Two old friends could amicably agree disagree on that, as I disagree with virtually all my liberal friends.

But your loyalty to the Clintons has apparently extended to involvement in generating the Russiagate narrative, which has exacerbated tensions between Russia and the USA and spread paranoia in the Democratic establishment and mainstream media. I am always disturbed by the hypocrisy of Americans who complain about foreign meddling in our elections, when the USA is the undisputed champ in that event. Indeed, we go beyond meddling (Yeltsin’s reelection in 1996) to actual coups, not to mention regime-change wars.

My concern about this has come to a head with the recent revelation of your complicity in the dissemination of the Steele dossier, whose subsource, Igor Danchenko, was a Russian national employed by Brookings.

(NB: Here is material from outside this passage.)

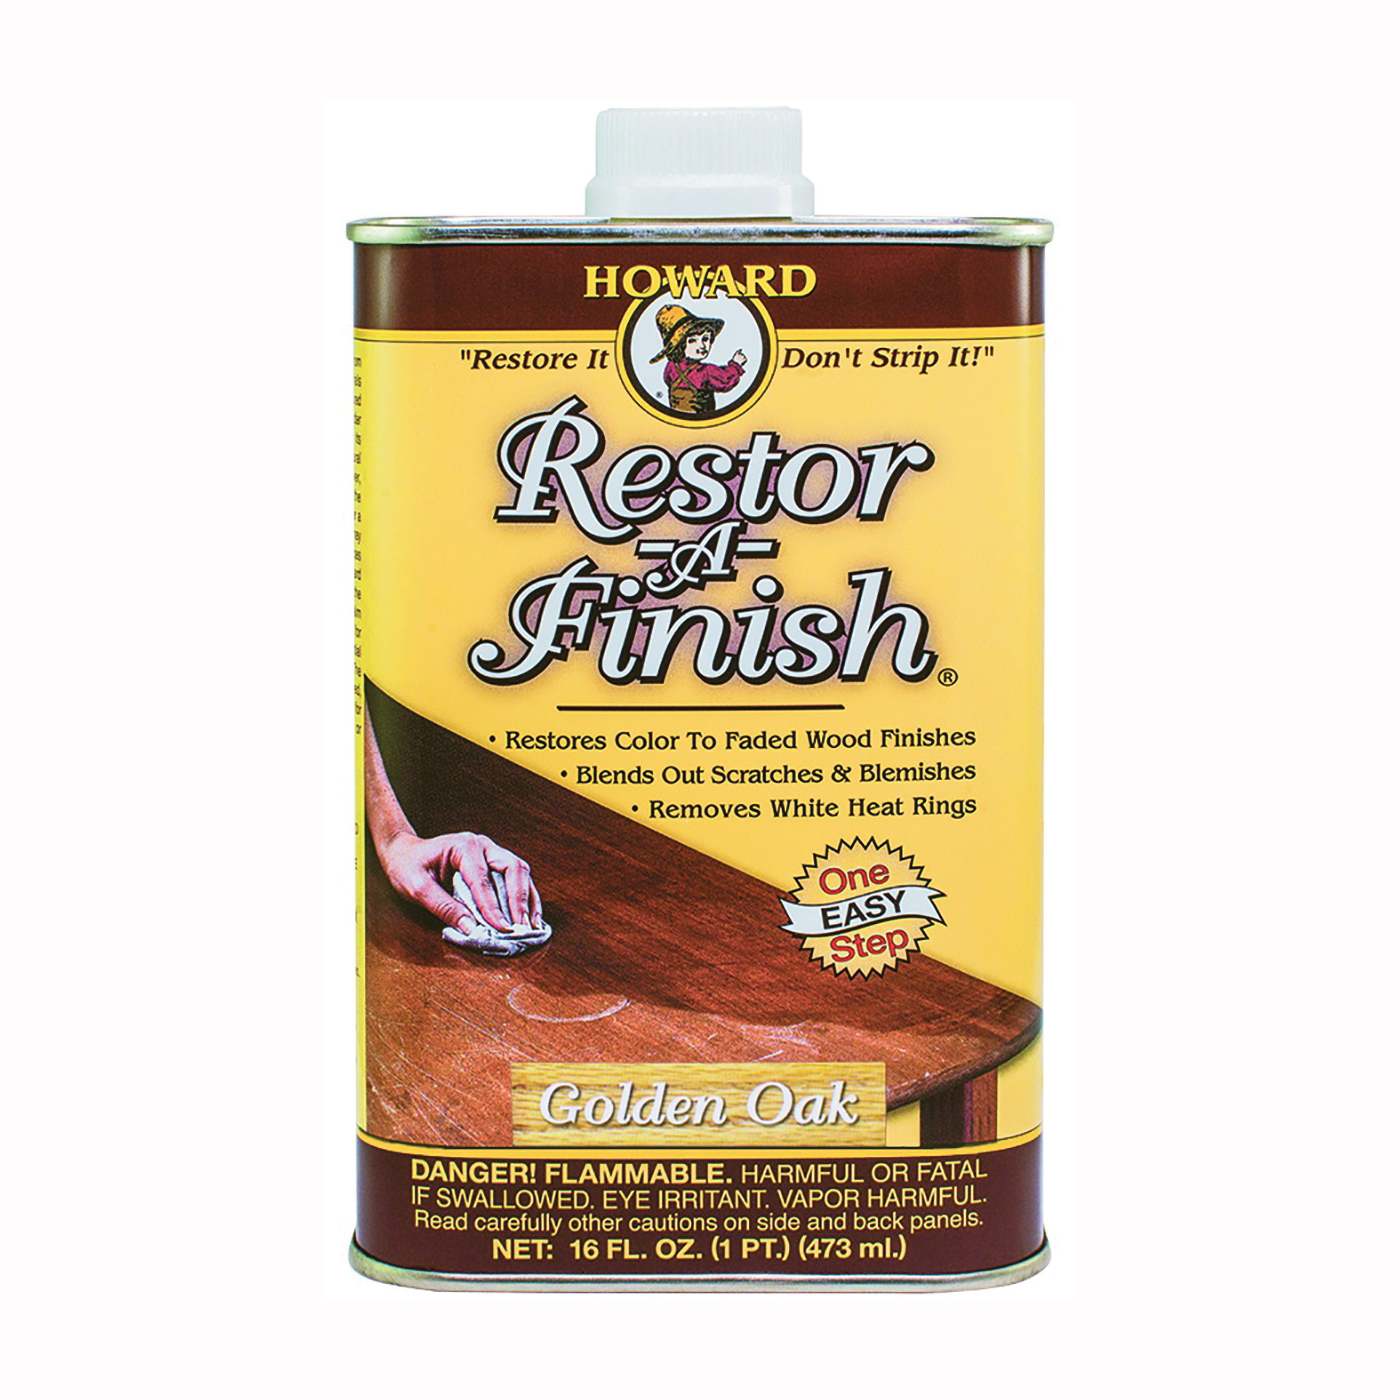 Picture of HOWARD RF3016 Wood Restorer, Golden Oak, Liquid, 16 oz, Can

I don’t know which is worse: that you and your colleagues at Brookings believed the dossier’s unfounded claims, or that you didn’t but found it politically useful in the attempt to subvert the Trump campaign and delegitimize his election. I suspect the latter. But doesn’t this implicate you in the creation of a powerful Russophobic narrative in contemporary American politics that has demonized Putin and needlessly ramped up tension between two nuclear powers?

A lifelong Democrat who voted for Bill twice and Hillary once, I am no fan of Trump or of Putin. But Russiagate has served as a distraction from Hillary’s responsibility for her catastrophic defeat and from the real weaknesses of the neoliberal Democratic Party, with its welfare “reform,” crime bill, and abandonment of its traditional working-class base.

Moreover, in and of itself, the Russiagate story represents what Matt Taibbi has called this generation’s WMD media scandal. The narrative, challenged from the beginning by a few intrepid independent journalists like Glenn Greenwald, Matt Taibbi, and Aaron Maté, and the Veteran Intelligence Professionals for Sanity, is now being further undermined by the declassification of documents by the Senate. If, as I have recently read, you were active in disseminating the Steele dossier, you have contributed to the mainstream media’s gaslighting of the American public—liberals, at least (like most of my friends). Ironically, then, you have given credence to Trump’s often, but not always, false charge: “Fake News.” Once described as a Russophile, you now seem complicit in the creation of a nation-wide paranoid and hysterical Russophobia and neo-McCarthyism.

Say it ain’t so, Strobe!

So long, old friend,

Tom Couser

Tom Couser is a professor emeritus of English at Hofstra University.